POST
/
embeddings
Create embeddings
curl --request POST \
  --url https://api.openai.com/v1/embeddings \
  --header 'Authorization: Bearer <token>' \
  --header 'Content-Type: application/json' \
  --data '{
  "input": "The quick brown fox jumped over the lazy dog",
  "model": "text-embedding-3-small",
  "encoding_format": "float",
  "dimensions": 2,
  "user": "user-1234"
}'
{
  "data": [
    {
      "index": 123,
      "embedding": [
        123
      ],
      "object": "embedding"
    }
  ],
  "model": "<string>",
  "object": "list",
  "usage": {
    "prompt_tokens": 123,
    "total_tokens": 123
  }
}

Authorizations

Authorization
string
header
required

Bearer authentication header of the form Bearer <token>, where <token> is your auth token.

Body

application/json
input
default:""
required

Input text to embed, encoded as a string or array of tokens. To embed multiple inputs in a single request, pass an array of strings or array of token arrays. The input must not exceed the max input tokens for the model (8192 tokens for text-embedding-ada-002), cannot be an empty string, and any array must be 2048 dimensions or less. Example Python code for counting tokens. Some models may also impose a limit on total number of tokens summed across inputs.

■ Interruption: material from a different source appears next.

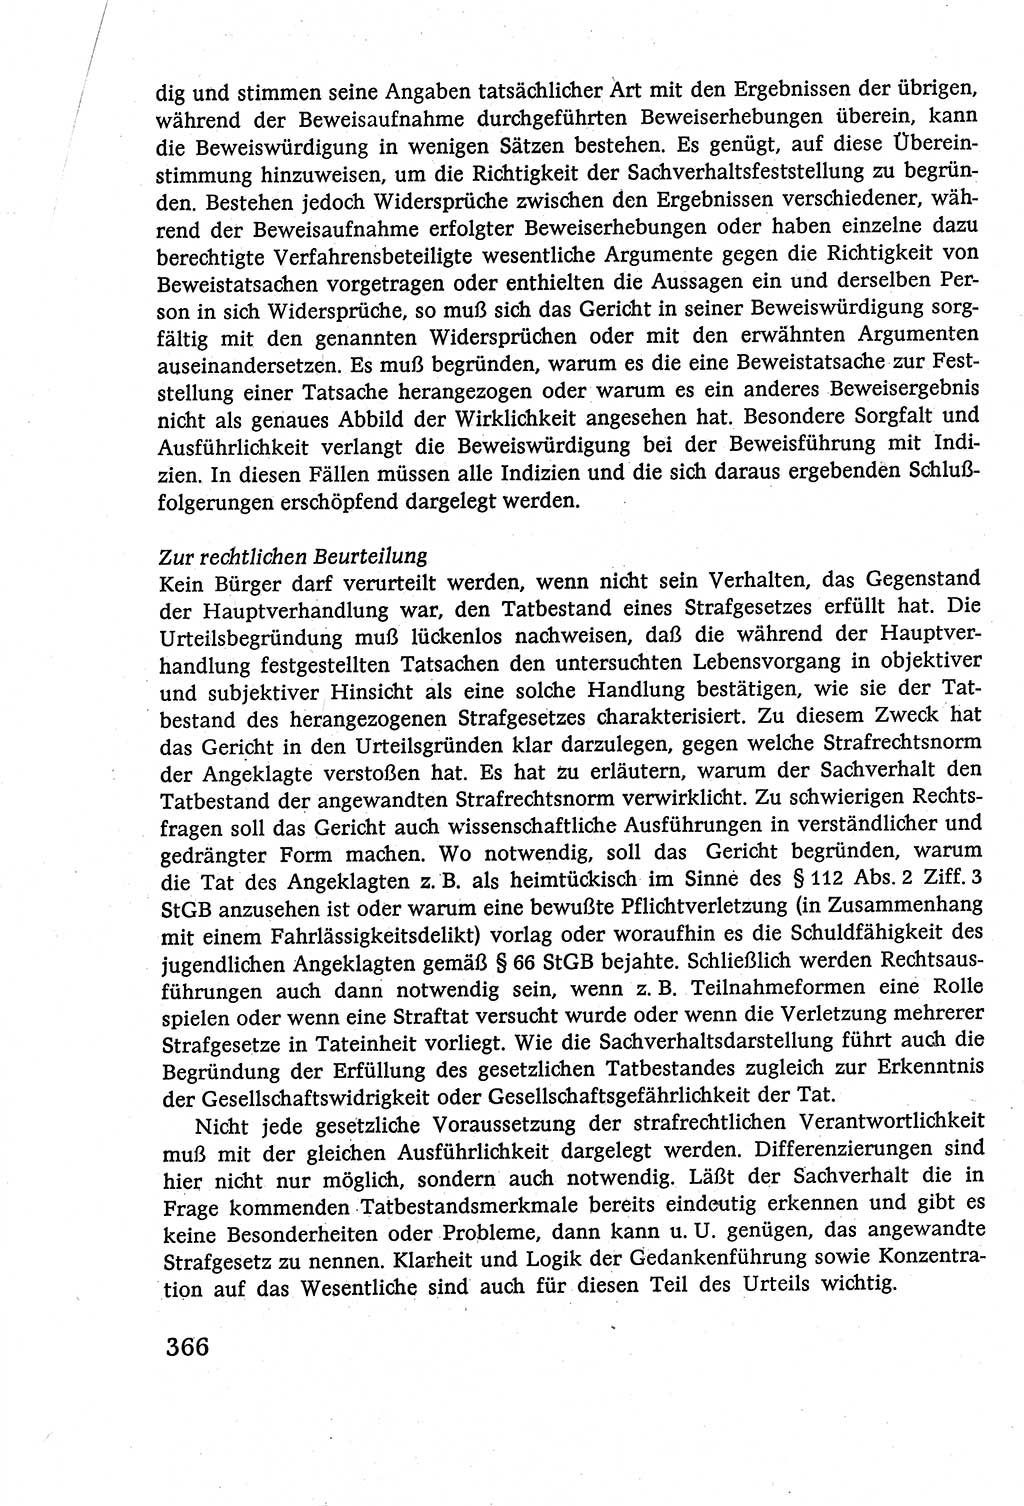 Strafverfahrensrecht [Deutsche Demokratische Republik (DDR)], Lehrbuch 1977, Seite 366 (Strafverf.-R. DDR Lb. 1977, S. 366)

The string that will be turned into an embedding.

Example:

"This is a test."

model
required

ID of the model to use. You can use the List models API to see all of your available models, or see our Model overview for descriptions of them.

Example:

"text-embedding-3-small"

encoding_format
enum<string>
default:float

The format to return the embeddings in. Can be either float or base64.

Available options:
float,
base64
Example:

"float"

dimensions
integer

The number of dimensions the resulting output embeddings should have. Only supported in text-embedding-3 and later models.

Required range: x >= 1
user
string

A unique identifier representing your end-user, which can help OpenAI to monitor and detect abuse. Learn more.

Example:

"user-1234"

Response

200 - application/json

OK

data
object[]
required

The list of embeddings generated by the model.

model
string
required

The name of the model used to generate the embedding.

object
enum<string>
required

The object type, which is always "list".

Available options:
list
usage
object
required

The usage information for the request.